# Alito on the death penalty, and deontic logic.

In a 2015 death penalty case Alito wrote: “Because it is settled that capital punishment is constitutional, [i]t necessarily follows that there must be a [constitutional] means of carrying it out.” I think Alito’s reasoning is formally incorrect.

Let:
$e$ = We execute Jones.
$p$ = We cause Jones excruciating pain.

Suppose it is a brute fact that if we execute Jones then we cause Jones excruciating pain: ie, $e \rightarrow p$.

Introduce $PE$ as a deontic operator for “it is constitutionally permissible that” and $OB$ for “it is constitutionally obligatory that.” These should function as a deontic operators in standard deontic logic (SDL). Alito’s claim is that the following is an inconsistent triad: $\{ PE(e), \neg PE(p), e \rightarrow p \}$

These would be inconsistent if $\neg PE(p), e \rightarrow p \vdash \neg PE(e)$.

What would an argument for this look like. Maybe the following:

der(A)
1. $\neg PE(p)$ assumption
2. $e \rightarrow p$ assumption
3. $PE(e \rightarrow p)$ from 2, deontic logic
4. $PE(e) \rightarrow PE(p)$ from 3, deontic logic
5. $\neg PE(e)$ from 1 and 4, modus tollens

I suppose we might have to grant that brute facts must be permissible: ie that step 3 is valid. $PE(e \rightarrow p)$ is true because $p \rightarrow e$ is true in the actual world and hence must be accepted as permissible.

But I don’t think that step 4 is valid. Supposing we grant that $P(e)$ is true, this just means there’s some normatively admissible world, maybe some world where all feasible means of execution does not cause excruciating pain, maybe not the actual world, where $e$ is made true by our action. This is consistent with there being no normatively admissible world where $p$ is made true by our action, including the actual world.

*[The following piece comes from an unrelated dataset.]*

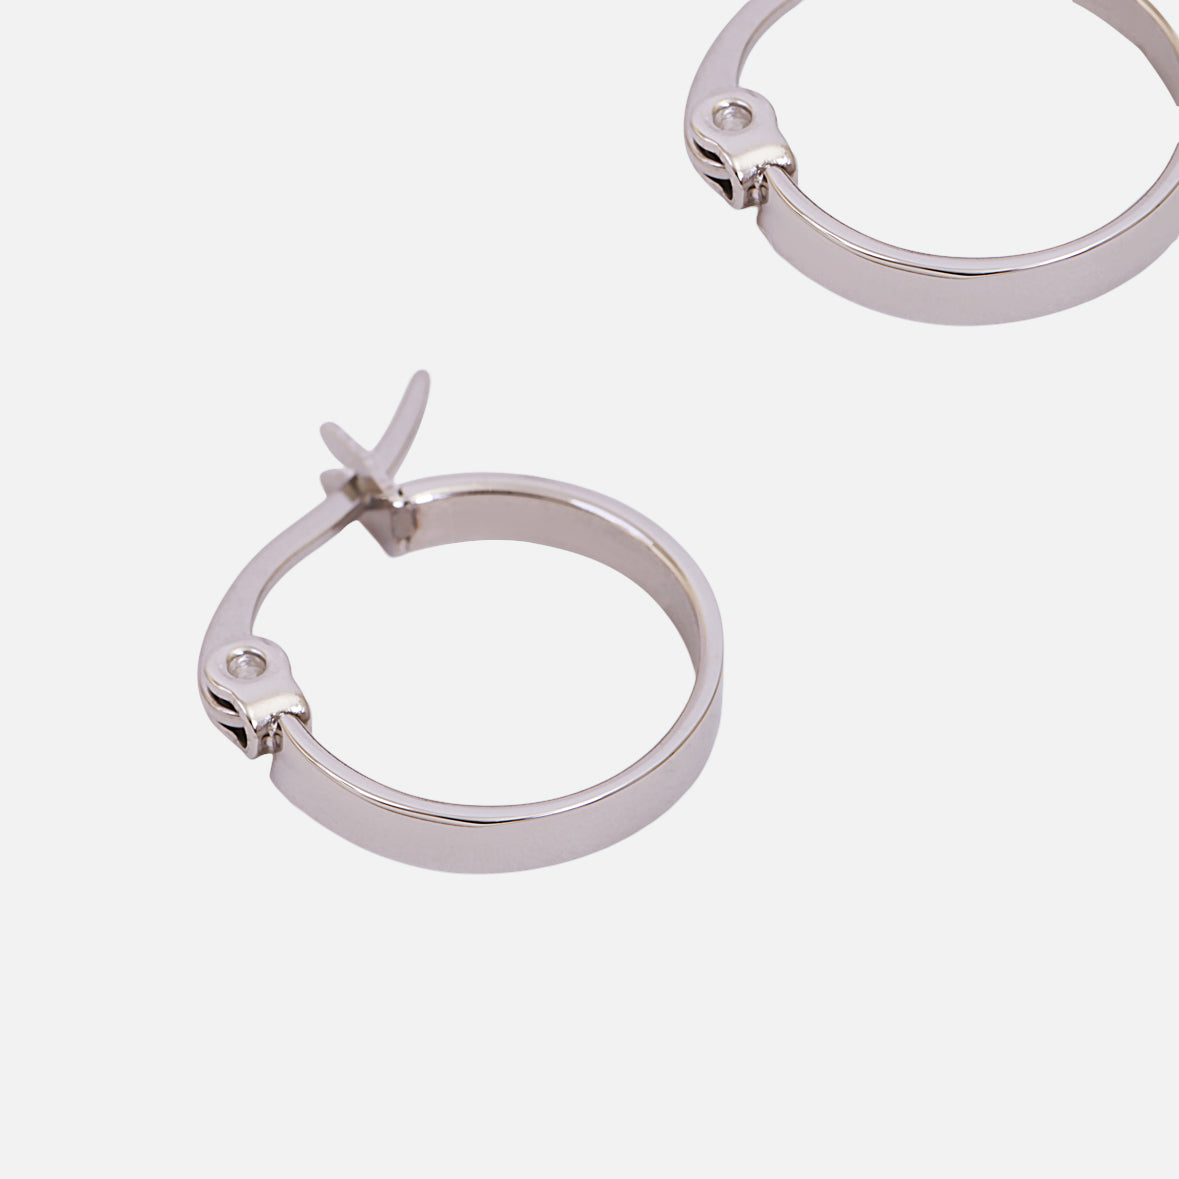 15 mm stainless steel hoop earrings

Maybe the thought is that the derivation should go like this:

der(B)
1. $\neg PE(p)$ assumption
2. $e \rightarrow p$ assumption
3. $OB(e \rightarrow p)$ from 2, deontic logic
4. $OB(e) \rightarrow OB(p)$ from 3, deontic logic
5. $PE(e) \rightarrow PE(p)$ from 4, deontic logic
6. $\neg PE(e)$ from 1 and 5, modus tollens

The reason for doing this is to try to use the distributivity of \rightarrow OB$(analogue of modal S5) to get get around the problem of the non-distributivity of \rightarrow PE$ in the failed der(a), and into a position to do the modus tollens Alito desires. There is a rule of SDL that says that if a proposition is a theorem then it is obligatory. Maybe this could be used to justify step 3. This would be a mistake; $e \rightarrow p$ is not a theorem. Also, I think that the step from 4 to 5 would be invalid. It would work if  $\vdash PE(e) \rightarrow OB(e)$ and $\vdash OB(p) \rightarrow PE(p)$, but the former is clearly not a theorem.

If I’ve got this right, I’ve really only shown that two attempts to reconstruct Alito’s thinking are dead ends. This doesn’t show that there is no valid reconstruction, but to me it doesn’t look promising. Alito seems to have confused the condition of there being some normatively permissible world in which $e$ is made true by our action with the condition that the actual world must be a normatively permissible world in which e is made true by our action, but the latter condition is precisely what is made false if the only actual means to $e$ is $p$ and $\neg PE(p)$.